Для Джимми я купила только спортивную рубашку и несколько пар носков – почти дежурный подарок, сошел бы для мужа сестры, например, - не такое, что даришь близкому человеку, чтобы лично ему понравилось. Но я теперь даже не знаю, что бы ему понравилось. И что я могу подарить? Поездку на выходные в Тибет? Трусы с орнаментом из цветков лотоса? Или снежный шар с Буддой вместо Санта-Клауса?
Но Джимми до Рождества не было дела, так что я напрасно ломала голову. У них с Джоном всегда в конце года дел невпроворот – все хотят к Рождеству что-то подновить, а тут еще миллениум. Так что они решили после праздников пару недель отдохнуть. Мне тоже причиталось еще несколько выходных, и я надеялась, что мы станем чаще бывать вместе, и отношения между нами наладятся. В конце концов, Новый год – самое время начать с чистого листа.
В канун Рождества мы с Энн Мари пошли на полуночную мессу. На Рождество в церкви всегда очень красиво – вертеп, и свечи. И новый молоденький священник – не то, что прежний, отец О'Рурк. Тот все твердил про чистилище, а у этого легкий ирландский акцент, и все проповеди - о прощении, о милосердии. Его слушаешь - и начинаешь лучше к себе относиться.
Как правило, на мессе я просто исполняю обряд. Во что я верю – не знаю. Думаю, Бог есть, а Иисус был хороший человек – вот, пожалуй, и все. Но мне всегда казалось, что Энн Мари не должна расти в пустоте, нужно дать ей что-то. Мне хотелось, чтобы в детстве у нее была какая-то опора.

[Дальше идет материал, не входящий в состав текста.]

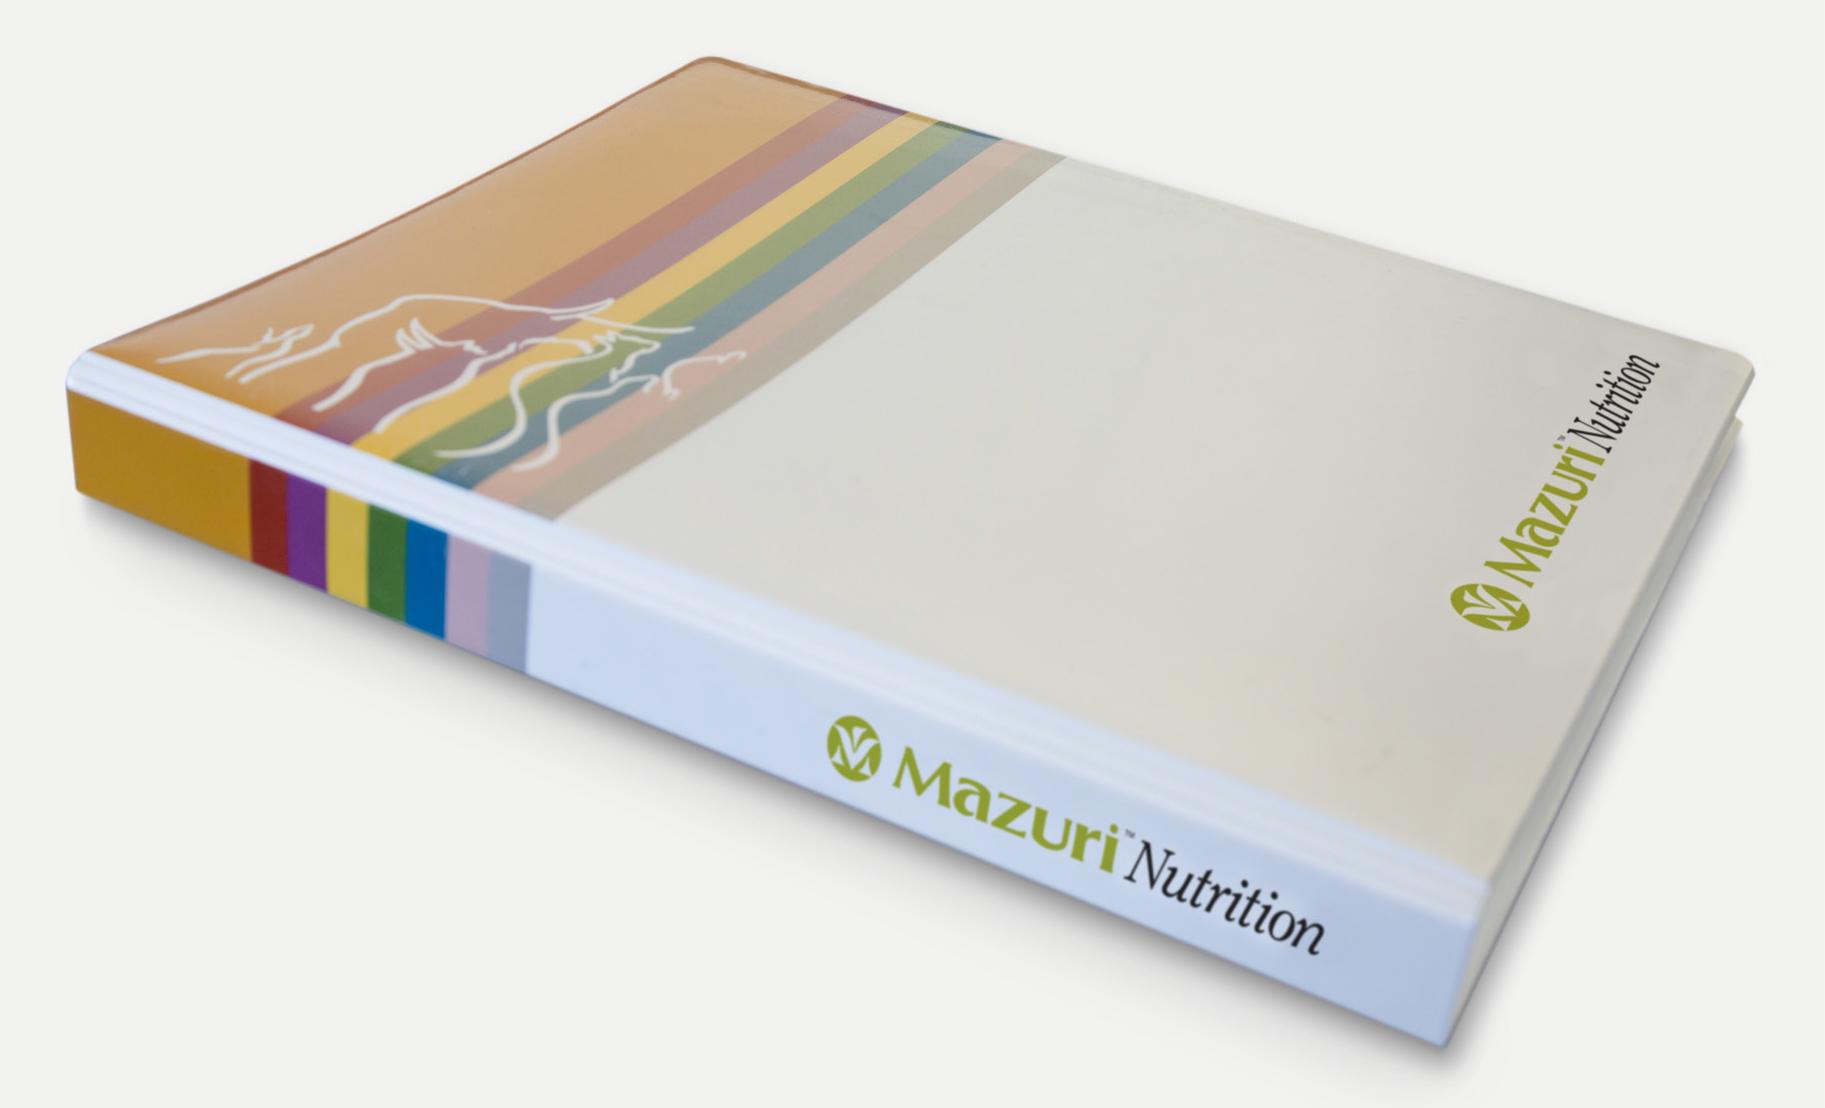 MAZURI-PROJECT-PAGE-PR_07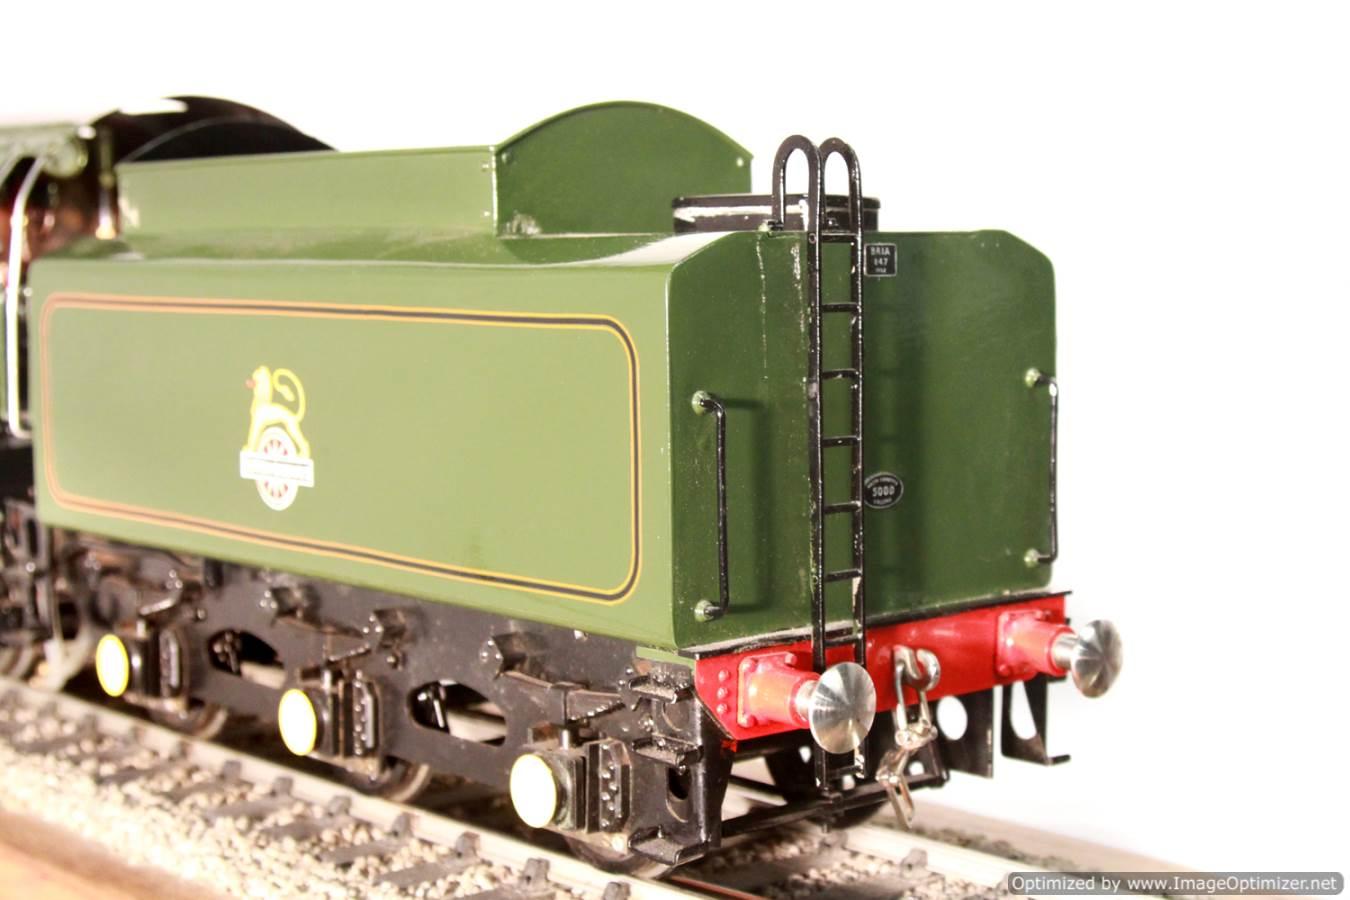 test BR Britannia live steam locomotive for sale 12 Optimized

На самом деле, я почти никогда не чувствую, что говорю с кем-то во время молитвы, или что меня кто-то слышит. Но в ту ночь после причастия, когда священник в наступившей тишине убирал утварь с алтаря, – тогда я это ощутила. Из глубины моей души поднялось что-то настолько сильное, что вся моя обида на Джимми куда-то испарилась. Я люблю его, он любит меня, и потом, не он один виноват. В последнее время я так вымоталась и скисла, что даже не пыталась понять, каково ему.
Неподалеку от нас, на соседней лавке сидела женщина с малышом на руках. Он спал, укутанный в конверт, белая шапочка из пушистой шерсти почти закрывала личико. И женщина сидела так тихо, была так поглощена ребенком, что они казались единым целым. Я ощутила, как у меня раздирается что-то внутри. Если бы мы с Джимми сошлись, я могла бы забеременеть. В конце концов, Триша вот ждет ребенка – а мне неужели не суждено? После второго выкидыша я сдалась, но то было пять лет назад – может, теперь это лечат. Я закрыла глаза и помолилась. Не словами – во мне было лишь глубокое, сильное чувство. Ребенок. Хочу ребенка. И он соединит нашу семью.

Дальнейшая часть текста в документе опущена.